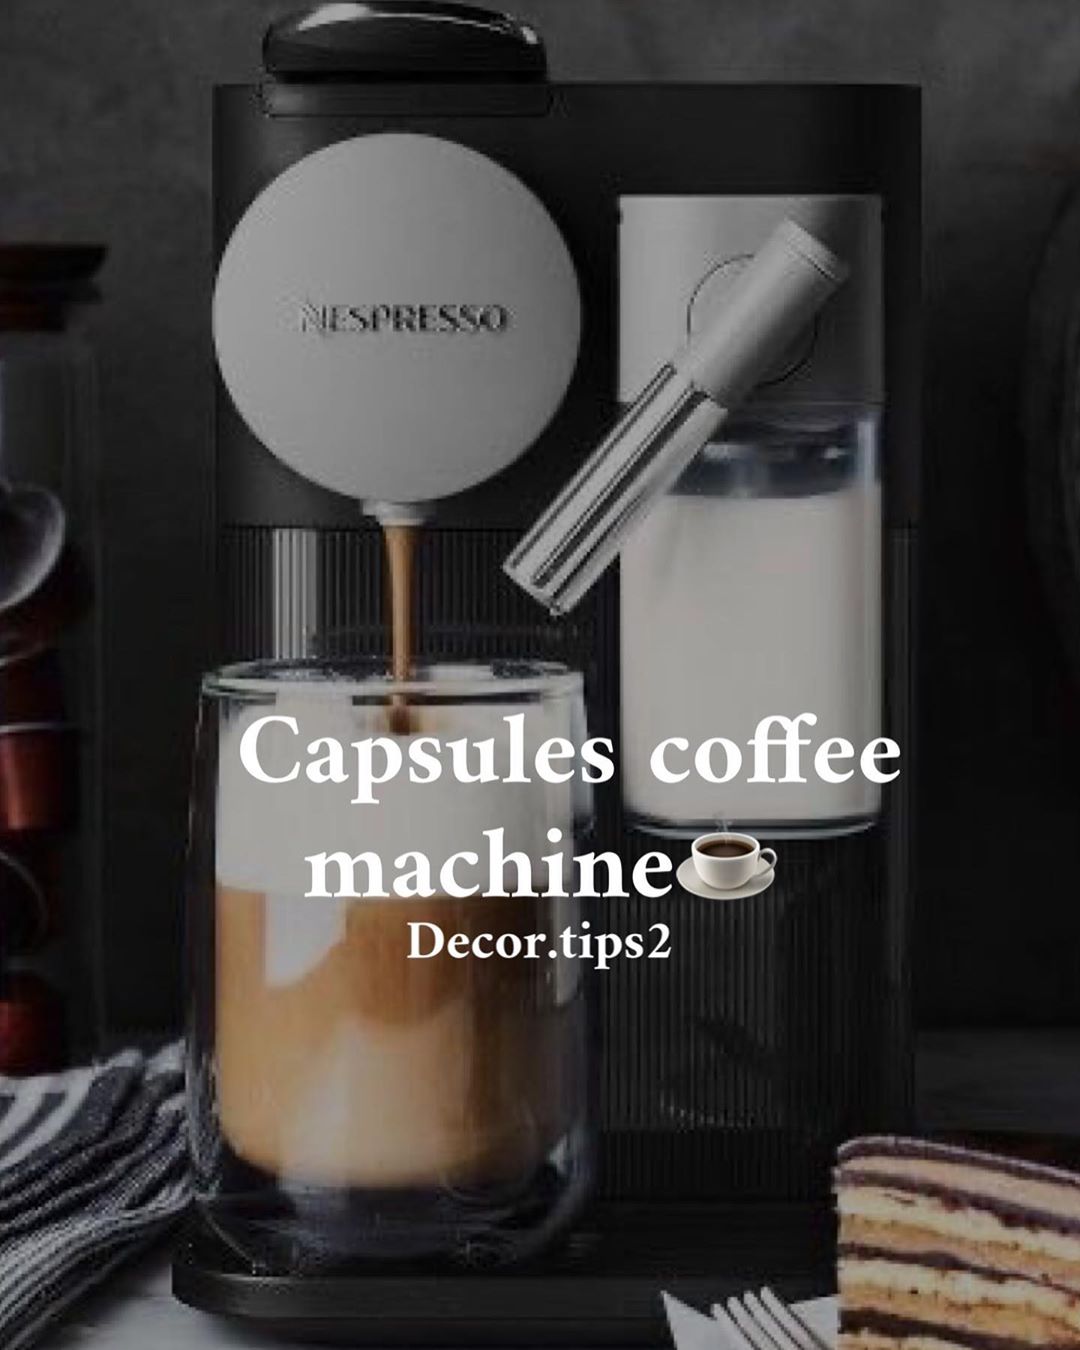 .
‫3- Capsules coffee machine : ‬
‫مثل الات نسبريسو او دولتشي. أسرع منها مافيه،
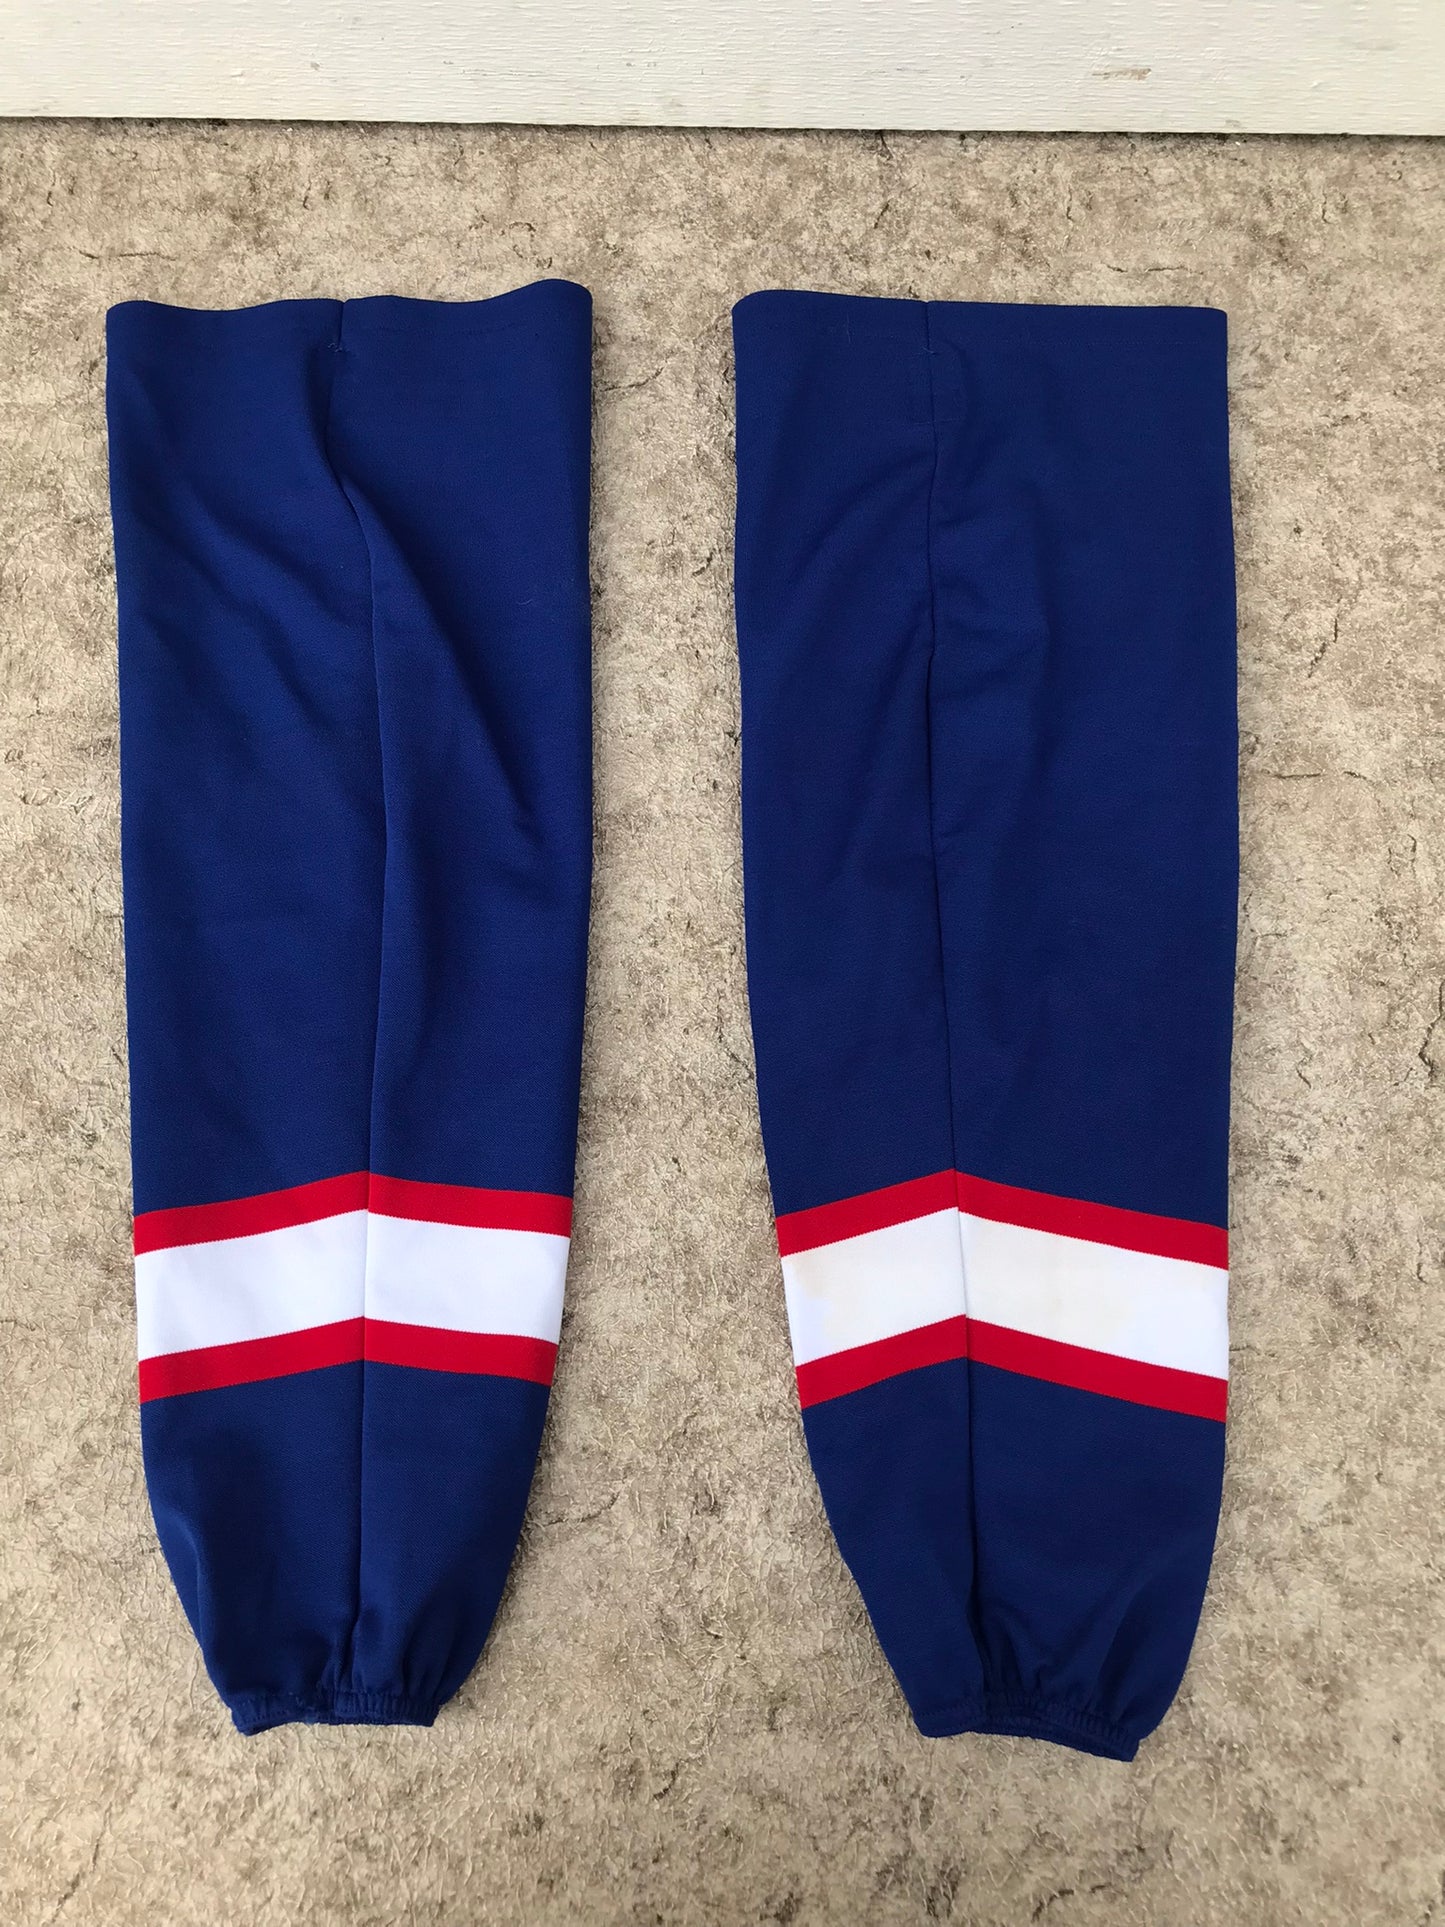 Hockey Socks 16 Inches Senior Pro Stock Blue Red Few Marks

* * * * * * *

**TASK STATEMENT**.
Omit pictures; set down the rest of the material word for word.

**WRITTEN ANSWER**.
 .
‫3- Capsules coffee machine : ‬
‫مثل الات نسبريسو او دولتشي. أسرع منها مافيه،
 Hockey Socks 16 Inches Senior Pro Stock Blue Red Few Marks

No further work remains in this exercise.